Crick and Watson were now asking themselves if DNA, like proteins, had a helical structure, and Watson in particular was convinced that they should also take their cue from Pauling, who liked to construct three-dimensional models of the molecules he was attempting to envisage. To do so they would have to think, as Pauling did, about the atomic structures that made up the chemistry of DNA – to fit the molecules, with their component atoms, and the bonds between them, into a complex three-dimensional jigsaw. They knew that they were dealing with the four nucleotides – guanine, adenine, cytosine and thymine – together with the molecule of the sugar, called ribose, and the inorganic chemical, phosphate, all of which, when correctly fitted together, must somehow make up the mysterious three-dimensional jigsaw puzzle.

Two relevant questions now loomed. Firstly, if the structure was helical, what kind of helix was involved? And secondly, where did the phosphate molecule fit into the structure? Calcium phosphate is the mineral of bones, of shells, of rocks formed from the remains of living marine organisms – limestone. The presence of phosphate suggested some kind of strengthening of the DNA chain – a chemical scaffold – maybe a spine? But where did this spine lie in relation to the presumptive and as yet unknown spiral? And where, or how, did the sugar fit in? The code itself must surely lie with the nucleotides, acting perhaps as something like letters. Each was a key ingredient, but how on earth did the whole thing assemble in a way that made sense?
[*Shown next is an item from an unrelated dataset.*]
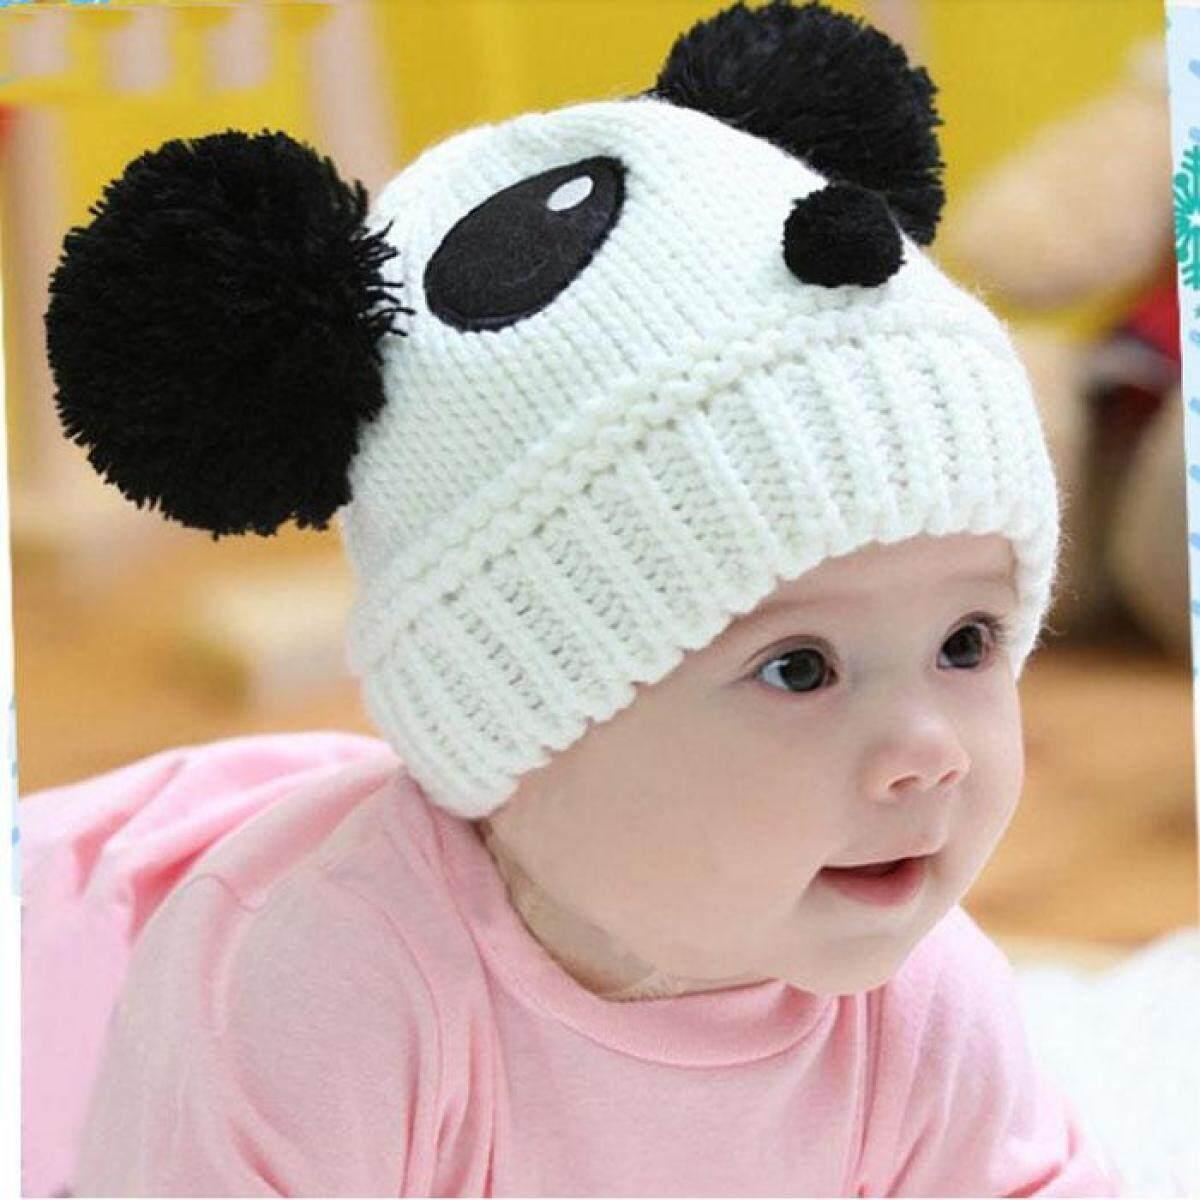 Lucu Anak Bayi Perempuan Anak Laki-laki Elastis Hangat Musim Dingin Panda Topi  Topi Beanie 978675c053

An important clue must come from the X-ray diffraction patterns. That meant they needed the help of Maurice Wilkins and Rosalind Franklin – ‘Rosy’, as Watson referred to her in his autobiography – who were conducting X-ray analyses of DNA fibres at the King’s College London laboratory.

*

Rosalind Elsie Franklin was born in London to a prosperous Jewish family in 1920. From an early age she showed both a brilliantly incisive mind and the stubbornness necessary to make a distinguished mark for herself. She also showed an aggressively combative side to her personality that might prove a mixed blessing in overcoming the prevailing prejudices against Jews in society, as well as against women being in higher education and the scientific workplace. It didn’t help that her father, who appeared to be a similarly combative character to his daughter, opposed her notion of a career in science. In her second year at Newnham College, Cambridge, he threatened to cut off her fees, urging that she switch to some practical application in support of the war effort. Only when he was dissuaded by her mother and aunt did he relent and allow her to continue her course.